I just want to feed an LLM hunter x hunter episodes and get out new ones. But on...

I just want to feed an LLM hunter x hunter episodes and get out new ones.

But on a more serious note, I vividly remember when GANs were the next big thing when I was in university and the output quality and variability was laughable compared to what midjourney and the likes can produce today (my mind was still blown back then). So I would be in no way suprised if we got to a point in the next decade where we have "midjourney" for video generation. So I wholeheartedly agree.

I also think the computational problem is tackled from so many angles in the field of ML. You have nvidia releasing absolute beasts of GPUs, some promising start ups pushing for specialized hardware, a new paper on more optimized training methods every week, mamba bursting on the scene, higher quality data sets, merging of models, framework optimizations here and there. Just the other day I think I saw a post here about locally running larger LLMs. Stable Diffusion is already available for iPhones at acceptable qualities and speed (given the devices power).

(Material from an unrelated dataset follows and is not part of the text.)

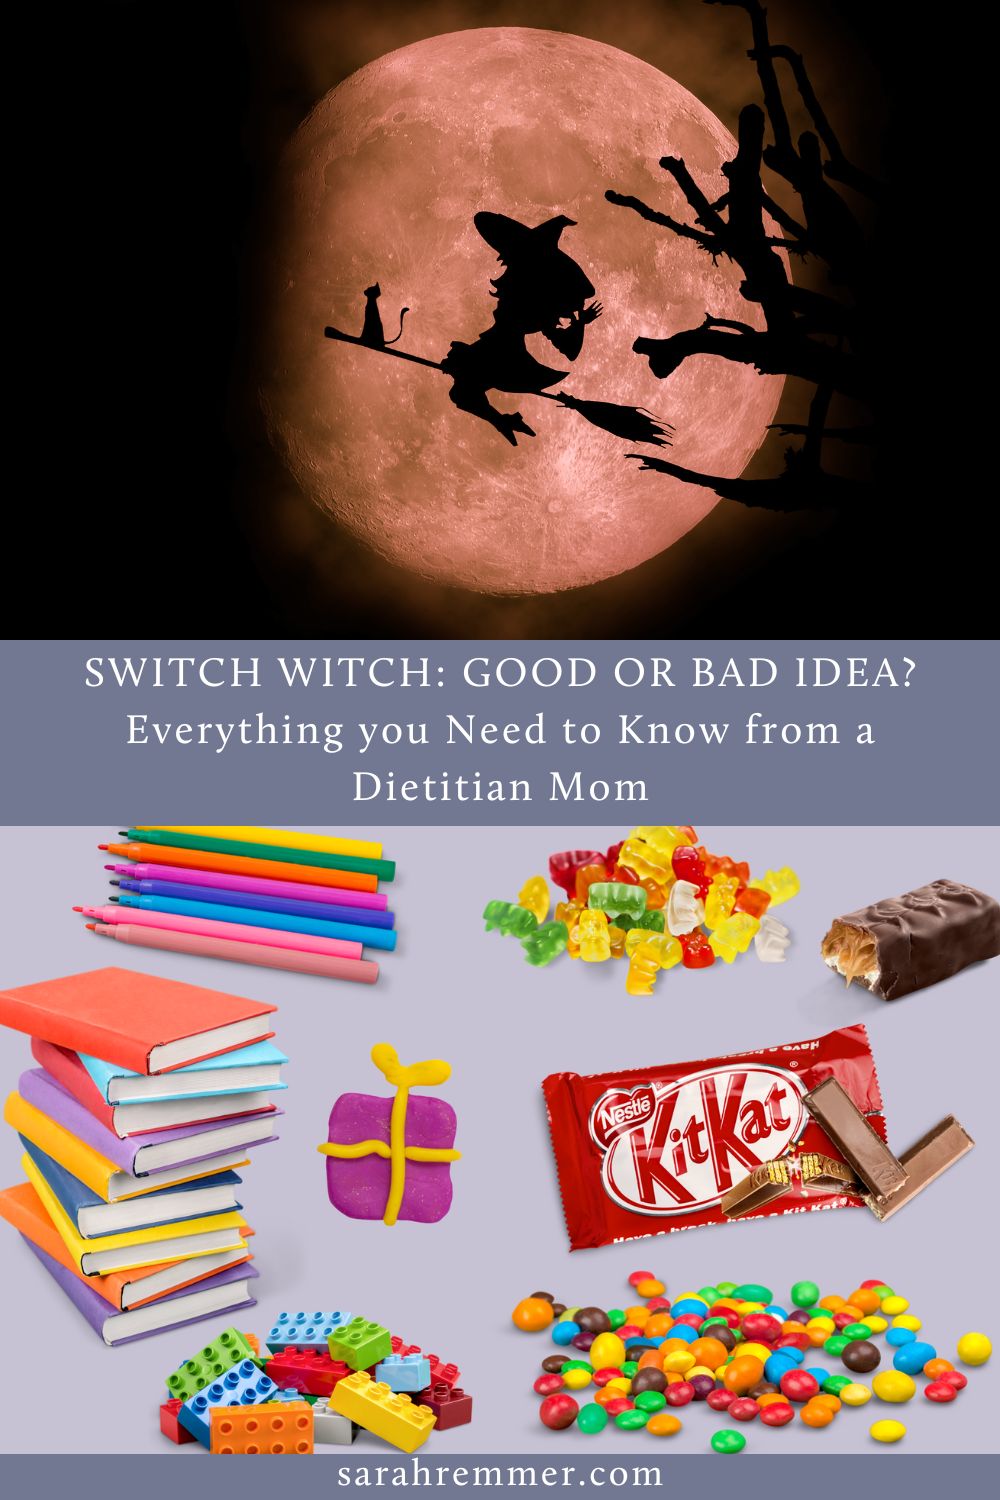 Should you use the Switch Witch method with your kids' candy? Here are the pros and cons this dietitian mom wants you to know about this Halloween tradition.

What I wonder about the most though is whether we will get more robust orchestration of different models or multi modal models. It's one thing to have a model which given a text prompt generates a short video snippet. But what if I instruct my model(s) to come up with a new ad for a sports drink and they/it does research, consolidates relevant data about the target group, comes up with a proper script for an ad, creates the ad, figures out an evaluation strategy for the ad, applies it and eventually gives me back a "well thought out" video. And all I had to do was provide a little bit of an intro and then let the thing do its magic for an hour. I know we have lang chain and baby AGI but they are not as robust as they would need to be to displace a bunch of jobs just yet (but I assume they will soon enough).